И всё! Я повесила трубку, задумалась. Что сие может означать? Он разочаровался? Устал меня ждать? А может быть, встретился с Лёлей и та его утешила?
Мне вдруг стало не по себе. Что теперь делать? Продолжать собираться – увольняться – прощаться со всеми – продавать квартиру – забирать документы из школы и оформлять визу Димке или остановиться… оглянуться? И начинать отматывать кинопленку назад: крутиться и устраиваться здесь, восстанавливать связи, вновь вживаясь в эту действительность? И главное, вновь начинать мыслить по-здешнему. Не примеряя себя к американскому образу жизни.

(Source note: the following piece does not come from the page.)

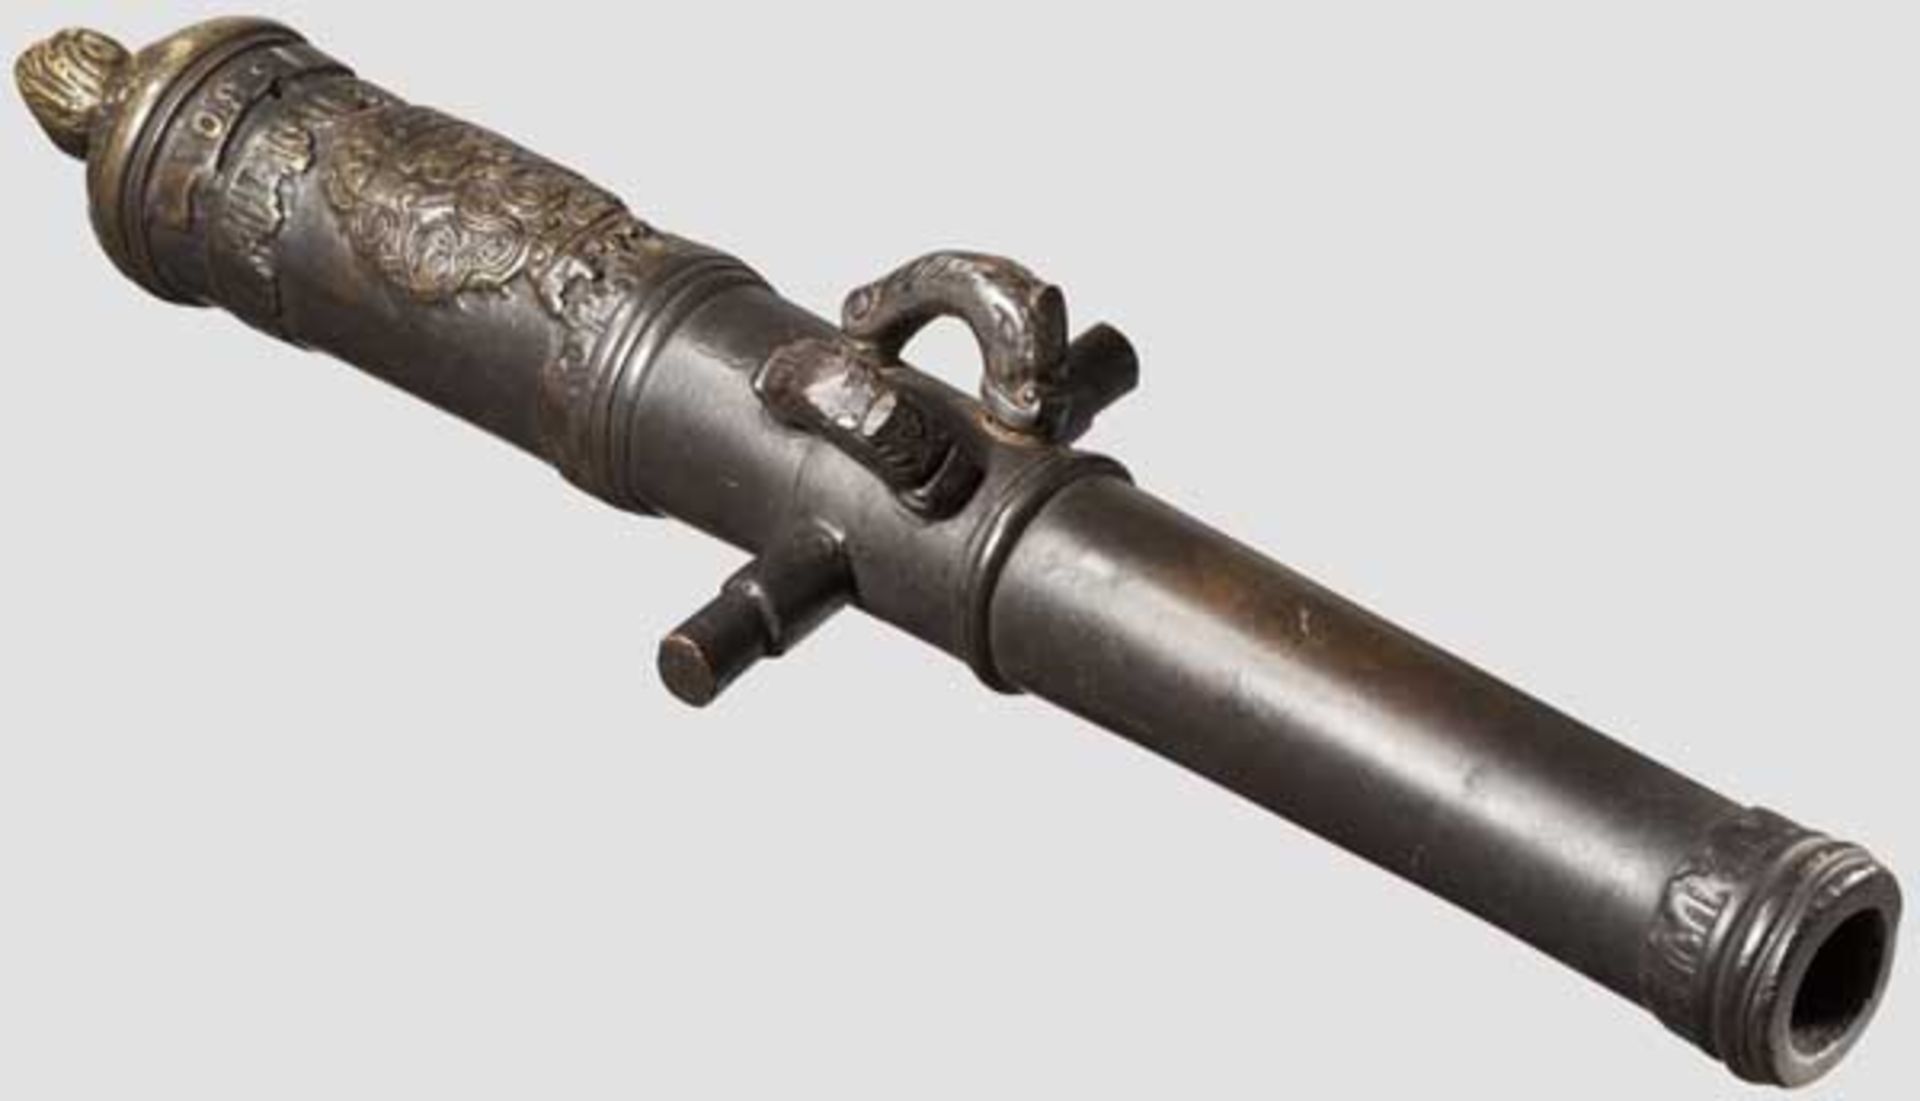 Geschützrohr, Sammleranfertigung im Stil des 17. Jhdts. Schwarz patinierte Bronze. Durch Baluster
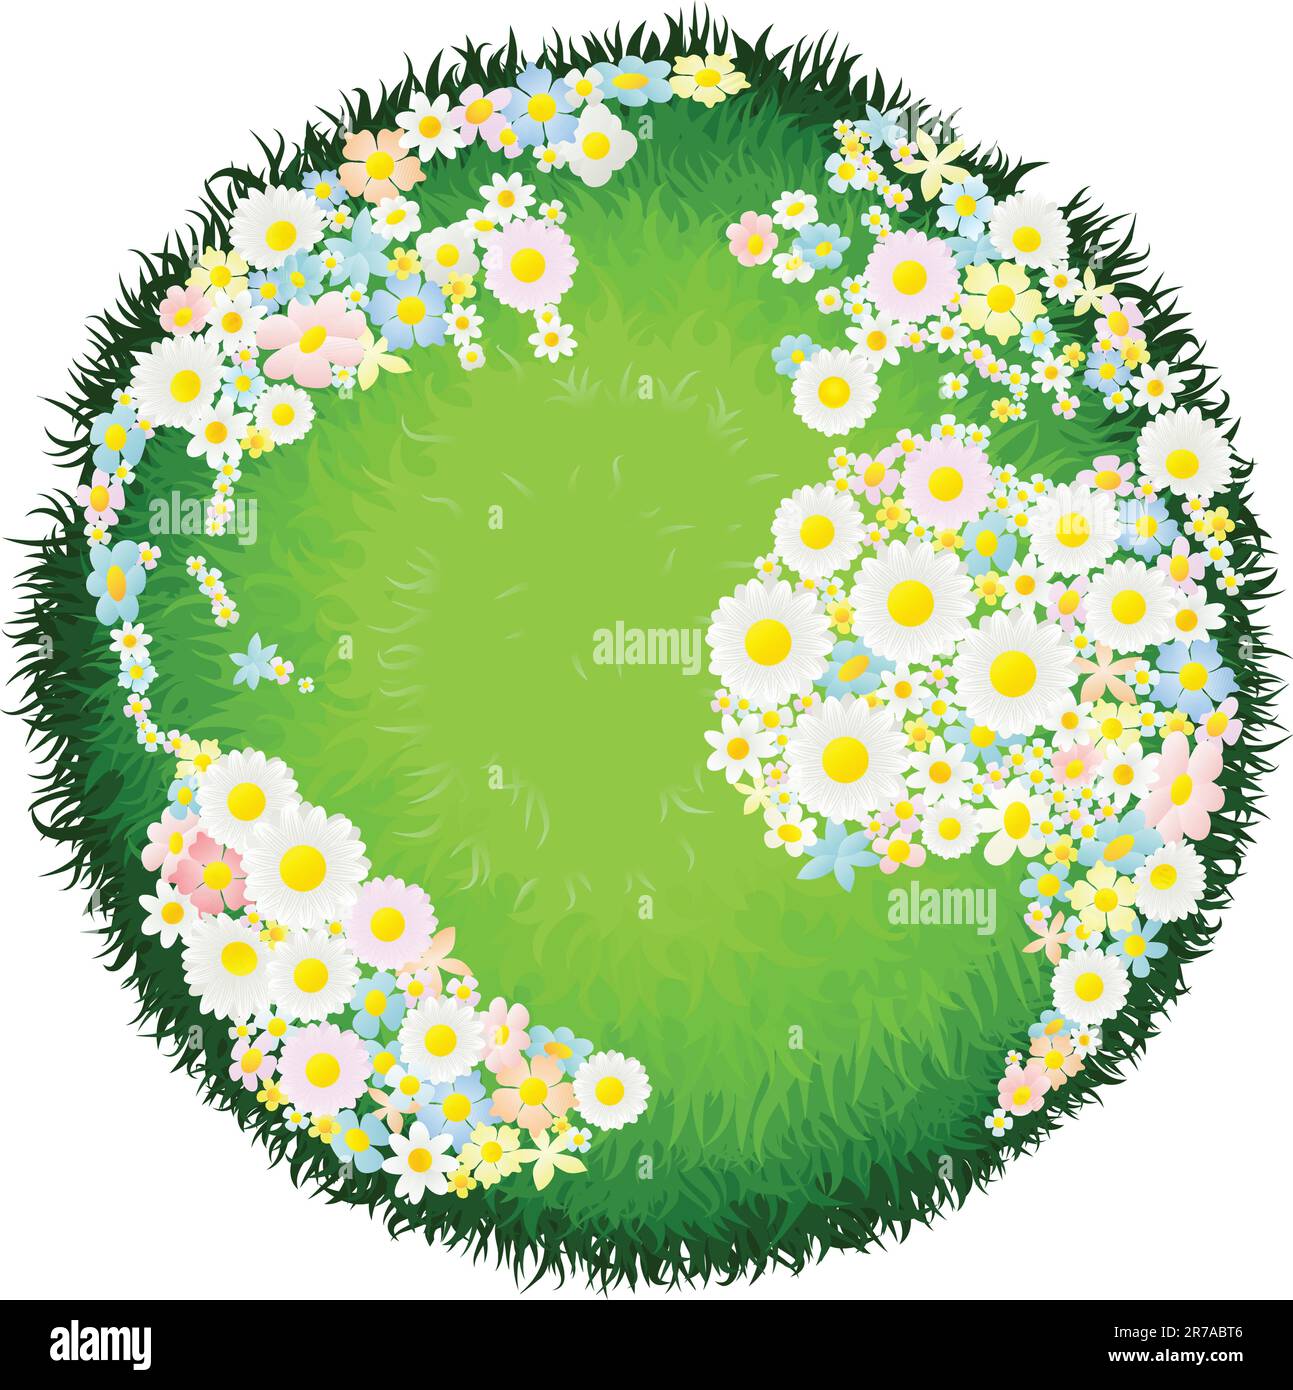 Un monde globe terrestre avec continents composé de fleurs et des mers que de l'herbe. Concept pour les questions environnementales ou de la paix. Illustration de Vecteur

Грегори позвонил мне почти через сутки, поздно ночью. Когда я вконец измучилась от бессмысленных поисков ответа на все возникающие вопросы.
– Испугалась, маленькая? – спросил он вкрадчиво. – Расстроилась, да? Что же такое случилось с твоим дорогим Гришенькой, подумалось, наверное. Названивал, названивал столько времени подряд и вдруг пропал. Разлюбил меня – так ты уже начала думать?
– Так, – ответила я уныло, – или примерно так.
Захотелось вдруг разрыдаться прямо в трубку. Нервы истончились до предела.
– Ну-ну, если хочется поплакать – поплачь, – милостиво разрешил Грегори. – Я здесь, Алечка, я снова с тобой.
– А до этого с кем был? – настороженно спросила я.
Грегори проигнорировал мой вопрос.
– Знаешь ли ты, милая, почему я тебе не звонил? А в последнем разговоре держал сухой и деловой тон? – спросил он.
– Почему, Гриша?
– Потому что я… безумно скучаю по тебе, Алечка, – выговорил он, наконец. – И если не буду сдерживаться, то мне станет совсем худо.
Он помолчал и, не дождавшись моей реакции, предположил:
– Ты совсем перепугалась, наверное, глупенькая, – и, участливо, как врач, поинтересовался: – Ну как, легче тебе стало теперь?